Шорох приближающихся шагов заставил кающуюся грешницу подняться на ноги.

Перед нею стоял апостол с плетью в руке… Эмма упала на колени и склонила голову, ожидая заслуженной кары…

Кроткими очами и с грустной улыбкою на устах взирал на это истязание увенчанный терновым венцом Спаситель.

 

V. Блуждающий огонек

 

На следующий день после обеда Эмма приехала со своей матерью в село Конятино.

«Это что-нибудь да значит», — подумала Ядевская, поспешно накидывая на плечи турецкую шаль, и быстрыми шагами пошла навстречу нежданным гостям.

Казимир был уже в гостиной и очень удивился, когда Эмма с приветливой улыбкой подала ему руку. Будто она переродилась или как змея переменила кожу. Скромный полумонашеский наряд ее исчез бесследно. На ней было красивое белое платье с голубыми бантами, волосы были заплетены в две роскошные косы, глаза блестели, на губах играла радостная улыбка.

— Прикажите распрячь ваших лошадей, дорогая соседка, — упрашивала Ядевская. — Я не отпущу вас без ужина, вы у меня такая редкая гостья!

Малютина взглянула на свою дочь, та едва заметно кивнула, и радушное приглашение было принято.

Выпив чашку кофе, Эмма предложила Казимиру погулять с ней в саду.

— Что с тобою? — воскликнул он, сходя по ступенькам террасы. — Ты сегодня так мила, что я тебя просто не узнаю!

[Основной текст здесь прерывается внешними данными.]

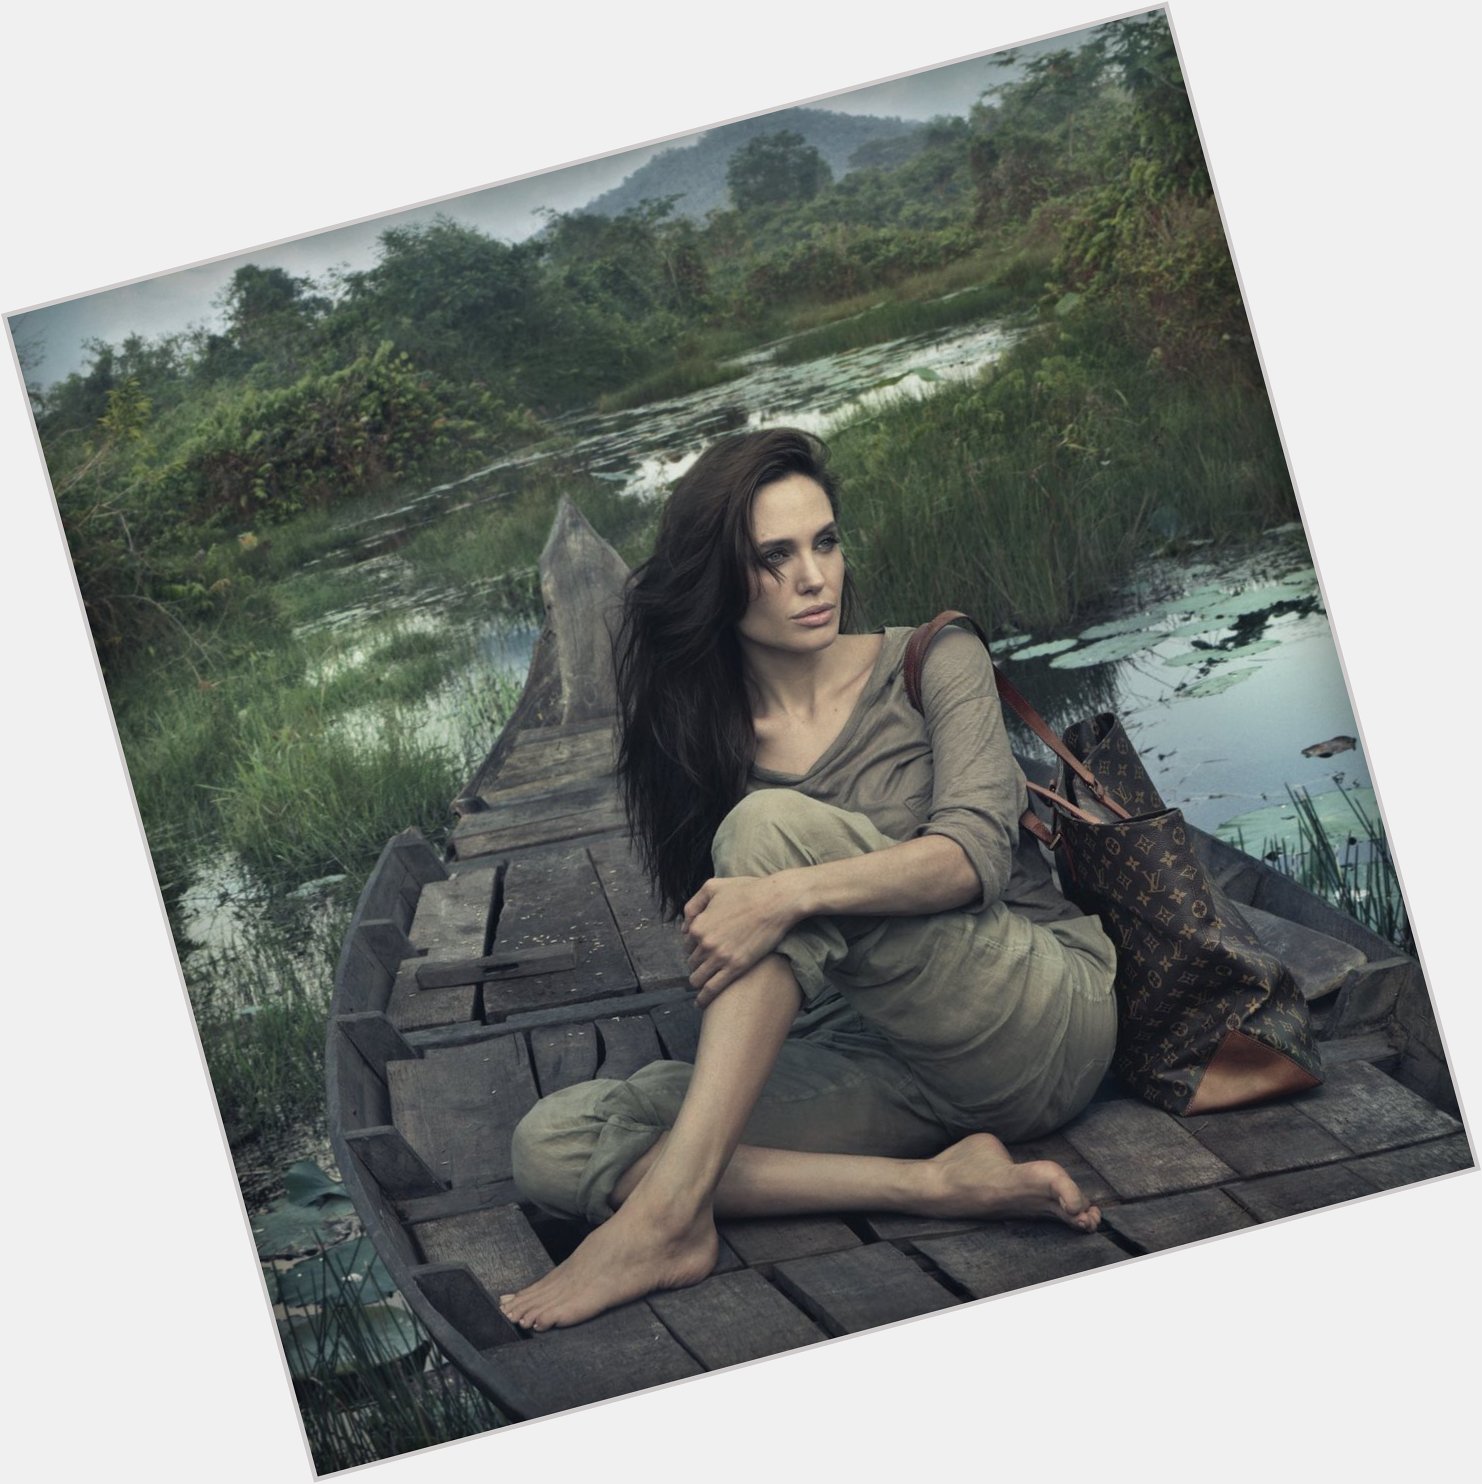 **Happy 44th Birthday Angelina Jolie**
[by Annie Leibovitz for Louis Vuitton in Cambodia, May 2011]

— Заметь, друг мой, — ответила Эмма, — что женщины становятся необыкновенно любезны, когда намерены обратиться к кому-нибудь с просьбой.

— Чего же ты от меня хочешь?

— Об этом после.

На клумбах еще осталось несколько запоздалых астр и георгинов. Эмма нарвала цветов, села на скамейку у бассейна, сплела венок и надела его себе на голову. Казимир молчал, не сводя с нее глаз.

— Ты мне очень нравишься, когда сидишь так смирно, — сказала она, протягивая ему обе руки, — будь всегда таким же умницей.

— Почему же ты запрещаешь мне любить тебя?

— Я желаю, чтобы ты был моим другом, но боюсь довериться тебе — меня пугают твои страстные порывы.

— Признайся, что ты любишь другого, и я перестану жаловаться на судьбу.

— Не могу же я признаваться в том, чего нет! Поверь, если бы мне вздумалось полюбить мужчину, то я избрала бы тебя.

— Золотые пилюли!

— Клянусь, что никто, кроме тебя, не будет моим мужем! Доволен ли ты этим? Но к этому я прибавлю, что не намерена выходить замуж.

— Девические фантазии!

— Попробуй уговорить меня, и ты убедишься, что я мраморная статуя, не хуже вот этой царицы амазонок, которая прячется там, в густой зелени.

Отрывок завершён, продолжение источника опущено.